Now you can pipe in whatever kind of jelly you would like but I think strawberry and raspberry taste best with these. I like to ice half of the batch and roll the other half in sugar. These semi-homemade Mini Strawberry Jelly Doughnut Holes are best consumed right after being cooked but they will stay up to a couple of days stored in an airtight container. After two days you will need to store in the refrigerator.
See how easy it is to split these biscuits in to quarters and then roll. Now they are ready for the fryer. Drop in the heated oil and in now time flat they are done. Roll half of them in sugar while warm. Now you are ready to pipe in the jelly. With the ease of a pastry bag, Smuckers simply fruit (or any simply fruit brand), and a long tip with a circular end (I used Wilton tip #230) it is a piece of cake or in this case a filled doughnut hole.
Simply insert the tip about a 1/2 inch into the doughnut hole and gently squeeze the pastry bag. When the jelly starts coming out the entry hole move on to the next doughnut hole that needs to be filled.
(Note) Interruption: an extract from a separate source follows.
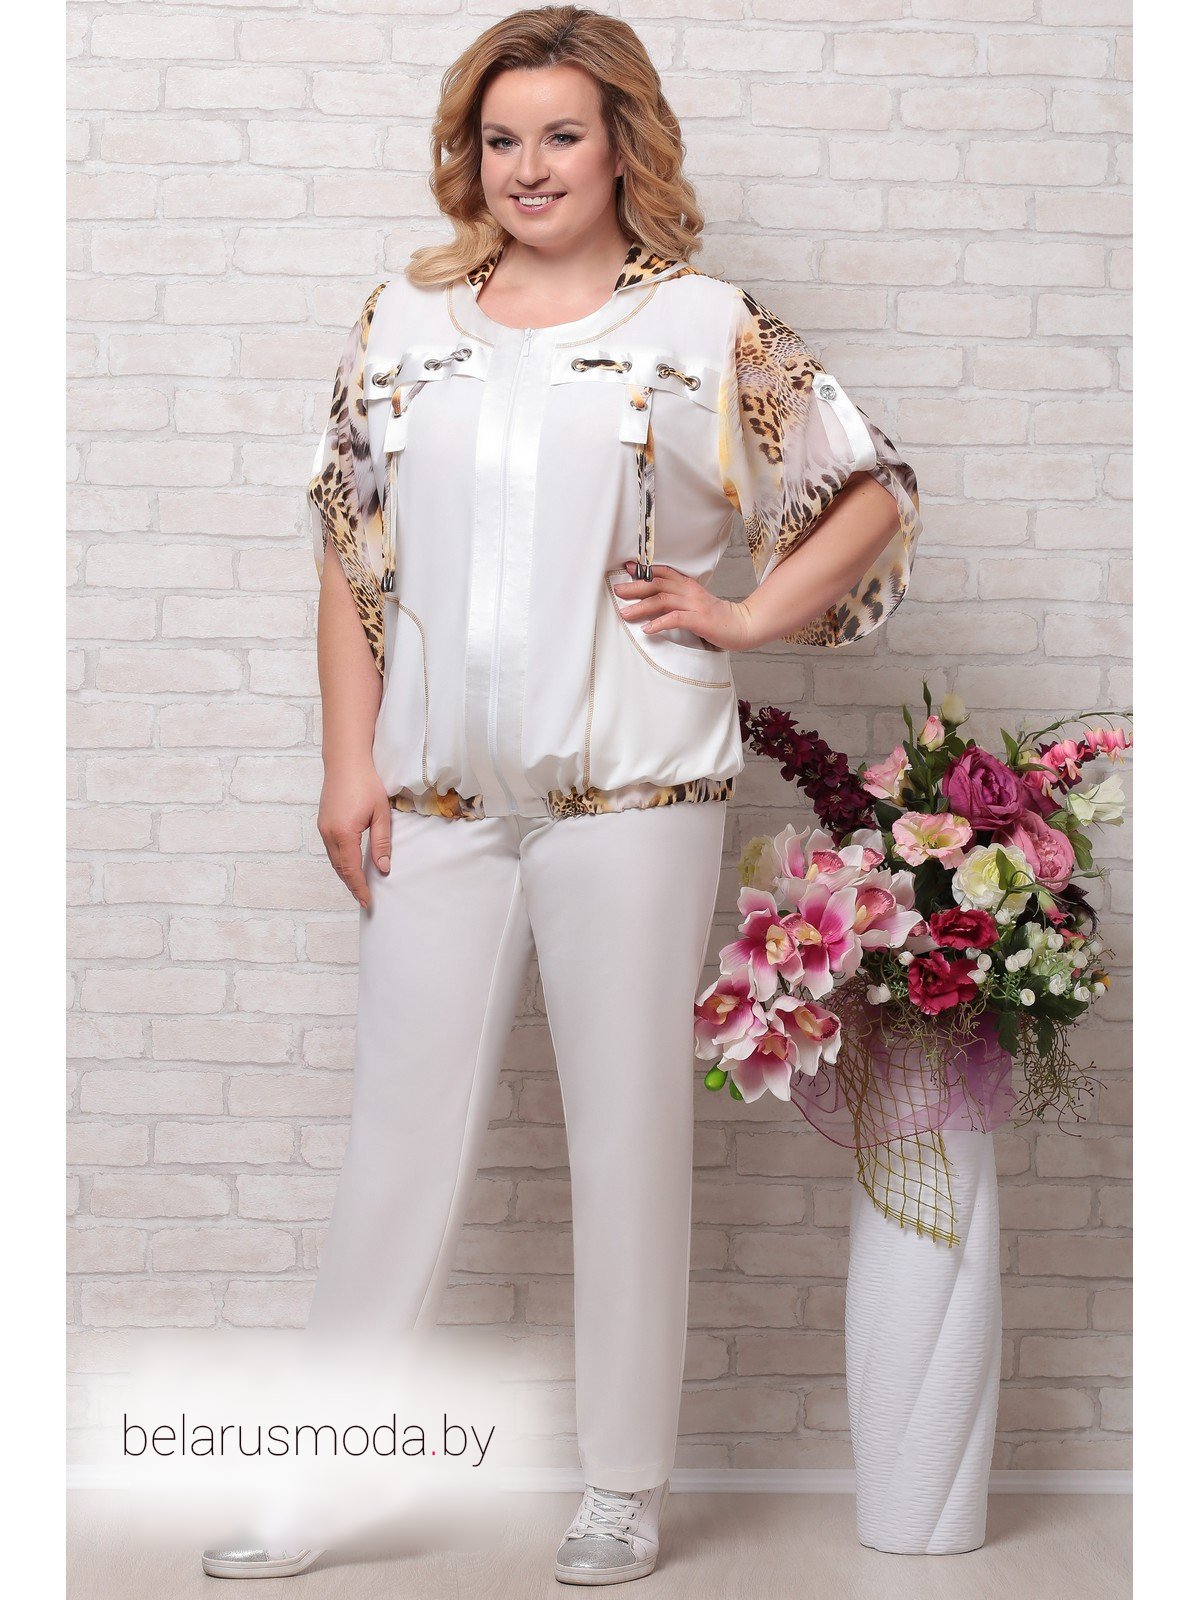 Озон летние костюмы женские больших размеров. Комплект Aira Style. Комплект брючный Aira Style. Белорусские брючные костюмы Aira Style 650. Костюм Aira Style модель 764.

Now simply mix up a small batch of icing for the other half of Mini Strawberry Jelly Doughnut Holes and you are ready to munch these babies down.
I sure hope your sweet family loves these as much as mine does.
Mini Strawberry Jelly Doughnut Holes
- 1 can refrigerated Grands biscuits (16.3 ounce)
- Canola oil for frying
- 2–3 tablespoons sugar for rolling
- 1/2 –2/3 cup strawberry simply fruit (or jelly)
- 1/2 cup powdered sugar
- 1 tablespoon milk
- 1/4 teaspoon vanilla
- Split biscuits into quarters and roll in small balls. Heat a couple inches of oil in heavy saucepan or dutch oven to 360 degrees. Working with tongs fry in small batches turning to make sure all sides are browned. Total fry time is less than 1 – 2 minutes. Drain on paper towels.
- Place sugar on shallow plate. Roll half of the warm cooked doughnuts through the sugar.
- Spoon 2/3 cup strawberry jelly into pastry bag with long tip (with round opening) attached. Insert tip about 1/2 inch into the doughnut hole. Gently push on bag until doughnut hole is filled and jelly starts coming out of opening. Continue filling until all doughnut holes are filled
- In small bowl whisk powdered sugar, milk and vanilla. Drizzle over the doughnut holes that were not rolled in sugar. Best served immediately. Store leftovers in airtight containers. After 2 days place container in refrigerator.